With C2D and AM2 out, many are looking for the right DDR2 kit to choose. If you are on a budget, then you will want to check out the Mushkin EM6400, which retail for around $200. Though they are surrounded with a ‘value’ cloak, they deliver surprising overclock-ability.


Today on the ram testing workbench, we have a PC2-6400 2GB value kit from Mushkin. I took a look at the OCZ SOE kit a few months ago, which are rated for the same speed and timings. Their price range is also the same, so I have a feeling that performance will be similar. However, the SOE’s were horrible overclockers, so I am hoping I can at least push these EM’s a little bit further.

Before we jump into the specifications and all the juicy stuff, let’s take a look at what we get.

Closer Look

The memory arrived in a nice clean professional looking plastic blister pack. The recent Mushkin redesign has become evident in their packaging, that’s for sure. One thing I have complained about in the past though, is how they hot glue the sides together. This makes it harder to open than it should be, and you can potentially break the package. That sucks if you plan to re-use it again.

The modules are equipped with green heatspreaders, and are some of the best I’ve seen. Mushkin hasn’t changed their heatspreaders for a while, but they don’t need to… these are great. The top is open to allow for good airflow. If you have a fan pointing at these, the air will actually hit the chips.

The sticker includes all of the information you would expect, such as timings, model number and frequency. Overall, these are some sweet looking sticks. Let’s hope the performance is equaled!

Specs and Overclocking

Because these are value modules, they include value specifications. We have DDR2-800 speeds, with 5-5-5-12 timings. Yes, they are very loose for this speed, however it’s not uncommon by any means. I am unsure of the chips used, but for the sake of them being value, I will assume they are some Elpida variant.

Overclocking these modules proved to be a huge pain at first… they were going nowhere.
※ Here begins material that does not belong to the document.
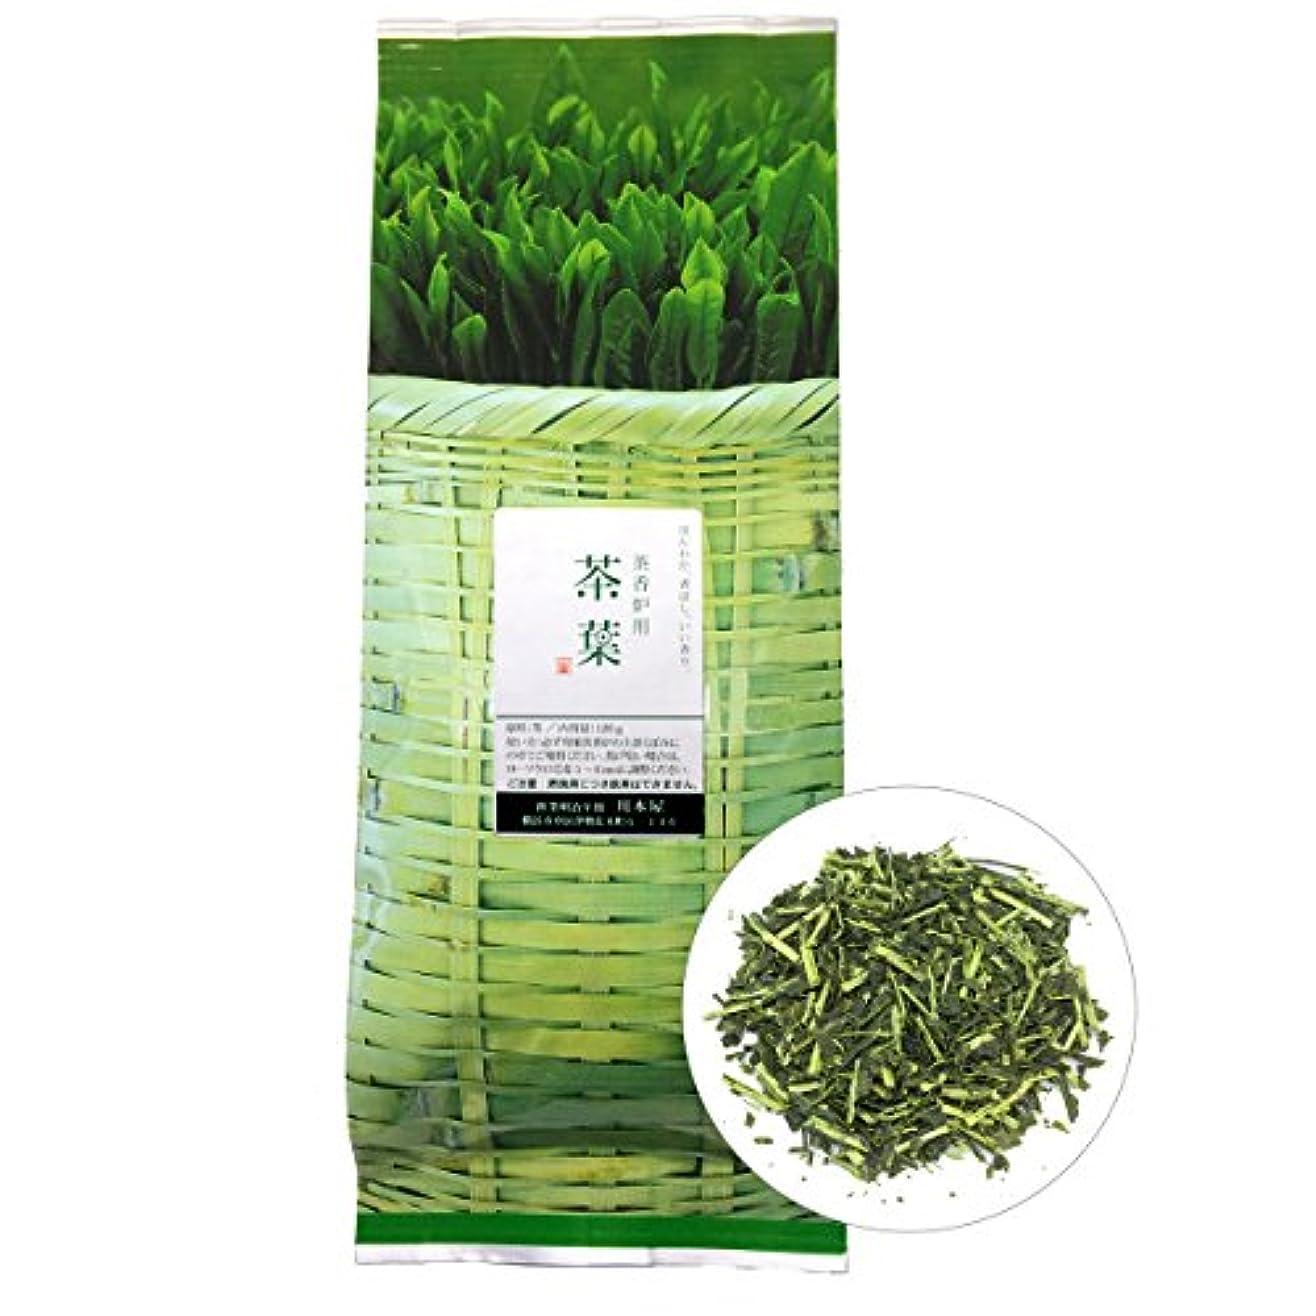 振幅現実的インタビュー国産 茶香炉専用 茶葉110g (1袋) 川本屋茶舗
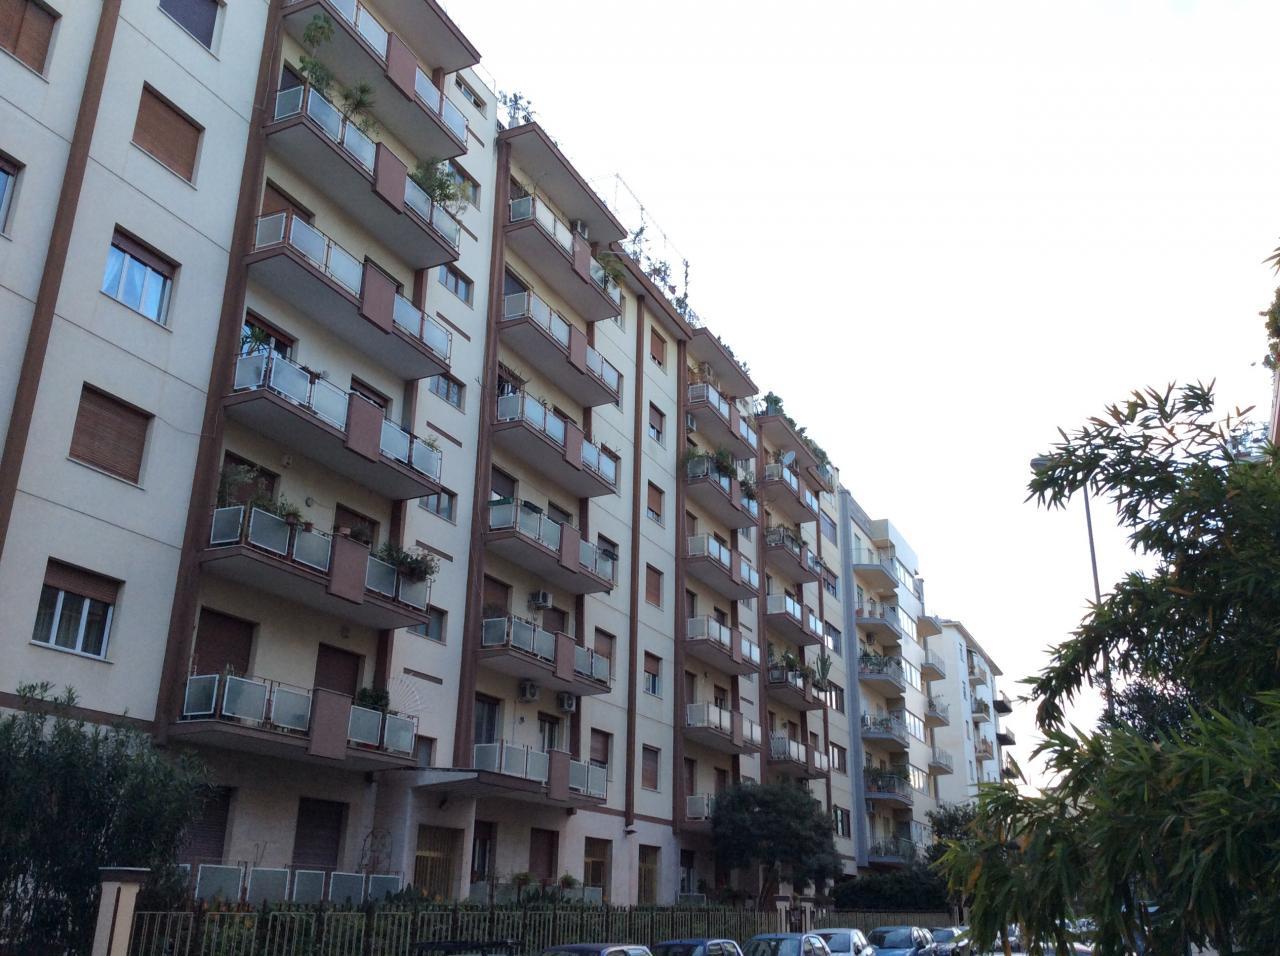 Appartamento in affitto a Palermo, 5 locali, zona Località: Lazio, prezzo € 700 | Cambio Casa.it

I first tried 4-4-4 and even at 2.4v, they were not stable at -all-. After a little bit of tweaking, I quickly found out that the main problem was the tRCD. Once I loosened it back to 5, I was able to go with a 4-5-4-12 timing set. After it’s all said in done, here are my stable overclocks:

I have to say, these modules impressed me. I had the mind set that these value were going to go nowhere, but upping the stock by 50MHz and tightening the timings is great. Before we get into benchmarks, please review our benchmarking methodology.

Benchmarking Methodology

Throughout all of our benchmarks regardless of what we are reviewing, testing is done in a clean and stand-alone version of Windows XP Professional with SP2. Prior to testing, these conditions are met:

If you are interested in using the same benchmarks as us, feel free to visit the developers website:

The testing rig used for today’s benchmarking is as follows:

Sandra, Everest

Throughout all of the graphs, the * represents results from the recently reviewed OCZ SOE PC2-6400 2GB kit. It’s also a value kit, so I used it at stock settings to compare directly to the EM6400. In this instance, we can see the EM6400 cleaning house. I did not expect to break 7000 with these modules, but the graph speaks for itself. Between the 280FSB and 270FSB setting, we can see the extra MHz are no match for the extra FSB.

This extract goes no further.